What is required
Every line of the material below should be output exactly as written, with the images skipped.

Dataset section
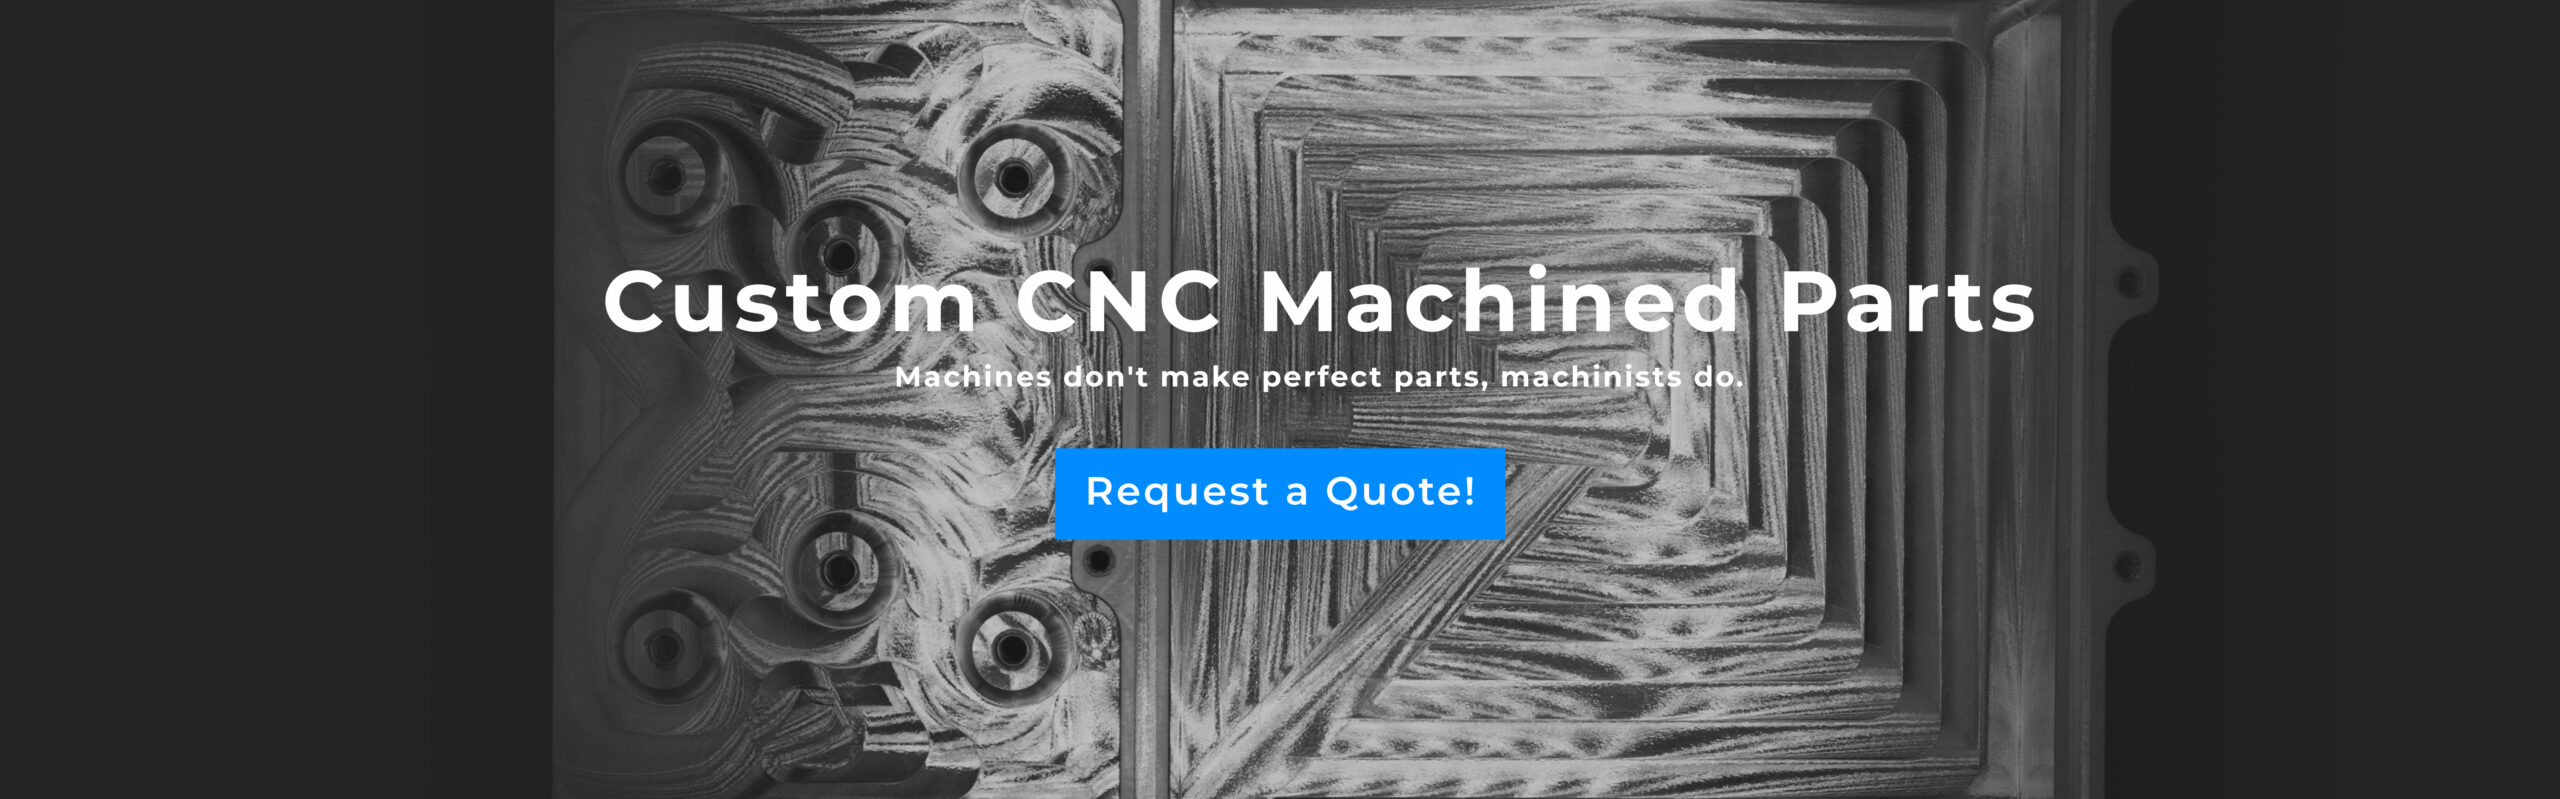 Custom CNC Machined Parts
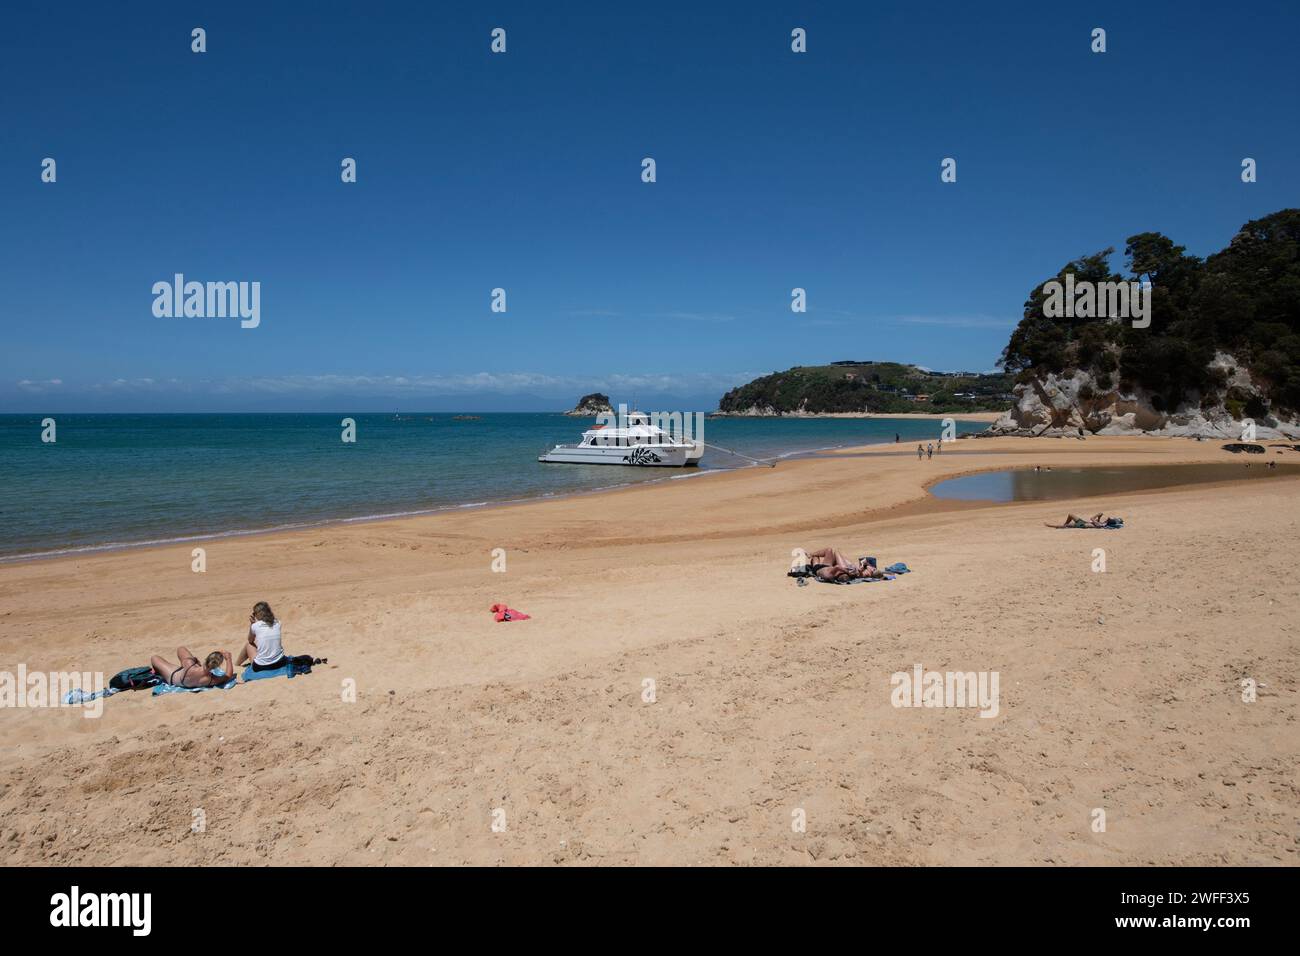 Boat and sunbathers on beach, Kaiteriteri Beach, Tasman, South Island, New Zealand Stock Photo
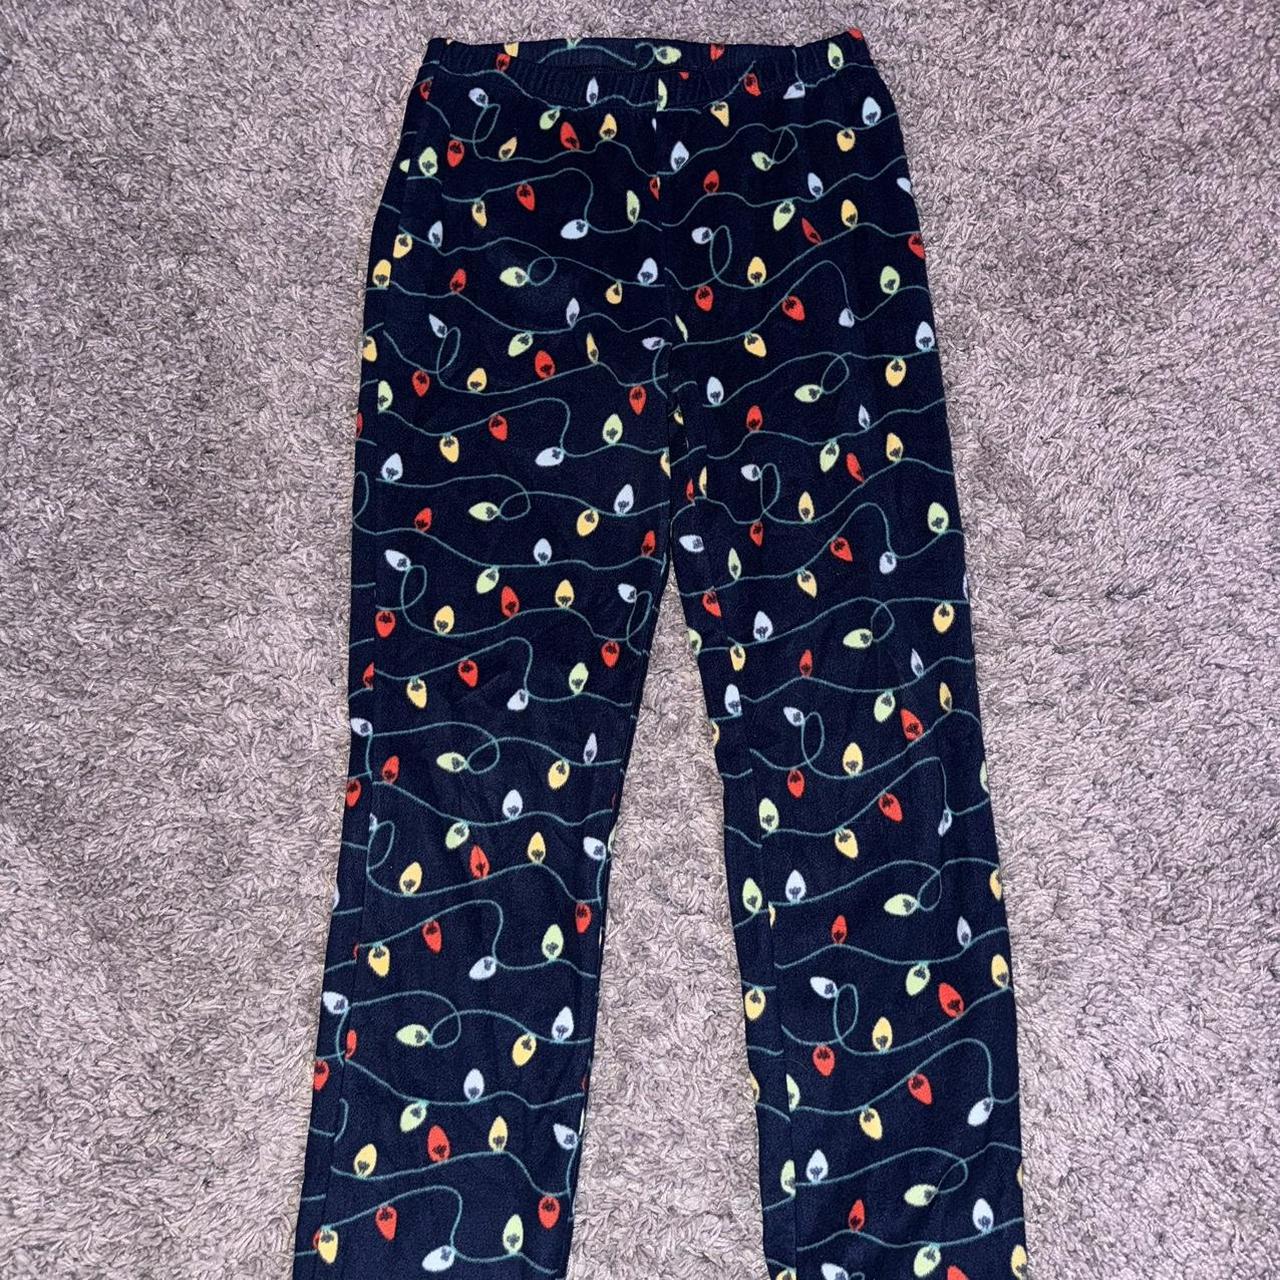 target wondershop pajama pants size xs - Depop

Worked solution
 Custom CNC Machined Parts
 Boat and sunbathers on beach, Kaiteriteri Beach, Tasman, South Island, New Zealand Stock Photo
 target wondershop pajama pants size xs - Depop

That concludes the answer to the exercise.